When doing psychological research, you will need to present your results in a concise manner that allows you to draw inferences based on observations. Oftentimes you will be looking at how altering one aspect of an experiment affects other parts, and when you interpret the results you will be looking for links between these phenomena. These links are known as correlation.
For example, say you do a study of anger in red-headed people. You design an experiment and test it, and while looking at your results you notice that the subjects who are out of work were the angriest. This is a correlation, and although it does not necessarily mean jobless people are angry or vice-versa, it does indicate a link between unemployment and aggression. If you graph correlation, with the two variables on the x and y axes, you can see how linked the phenomena are. If the phenomena seem very tied together (like humidity and hot weather), they have a high correlation. Low correlation would indicate that each phenomenon has little or no influence on the other (like humidity and earthquakes).
Central tendency is a term that describes trends in a set of data, and the measures of central tendency allow you to make generalizations about the set. The three basic measures of central tendency are mean, mode and median. They are used to describe different aspects about a set of data.
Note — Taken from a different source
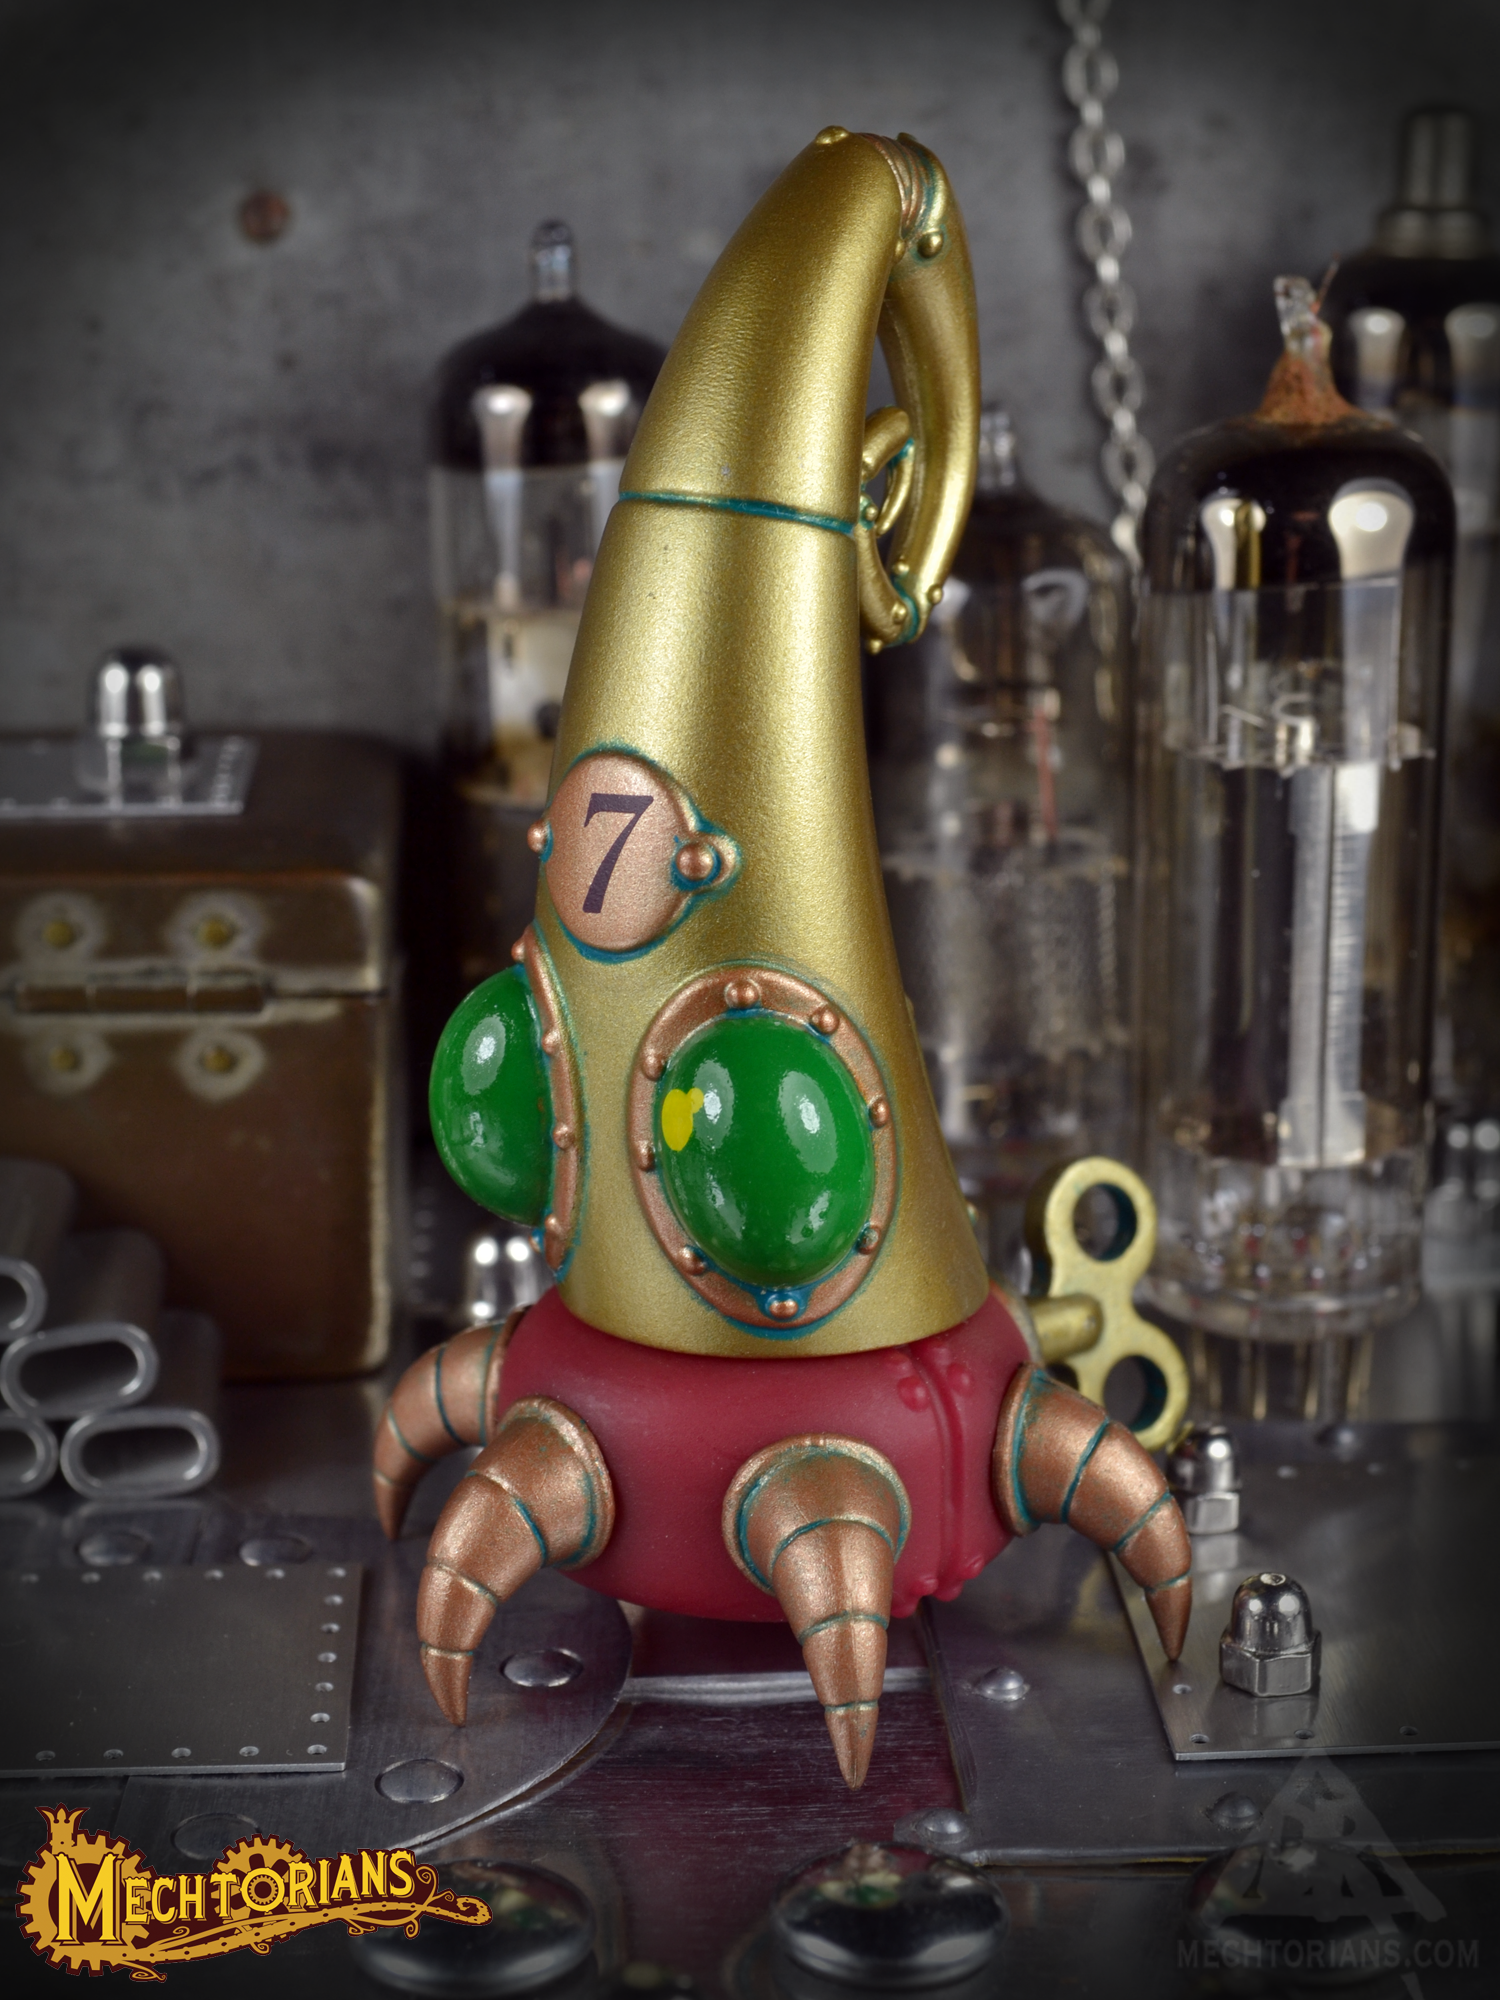 Doktor A's Mini Mechtorians vinyl figure Series 2 with Kidrobot. Crew

For example take this set of test scores: 90, 78, 86, 90, 80.
The mean is the average of the set, which you calculate by first adding together all of the values in the set (for this you add all of the scores). Once you have a total, divide by the number of items in the set (there are 5 scores, so divide by 5). In this case the average score is 84.8.
Mode is simply the value that occurs most often in a set of data. In the example set of test scores, 90 occurs twice and all others appear only once. For this set of data, 90 is the mode.
Sometimes you will want to find the exact center, or median, of a set of data. First, order the data from smallest to largest (78, 80, 86, 90, 90). The value in the exact middle is our median, or 86 for this set. If there had been another value, the center of this data would fall between two numbers. In that instance, you will take the average of those two values. To illustrate, add a score of 88 to this set and then order it (78, 80, 86, 88, 90, 90). The median now falls between 86 and 88, the average of which is 87.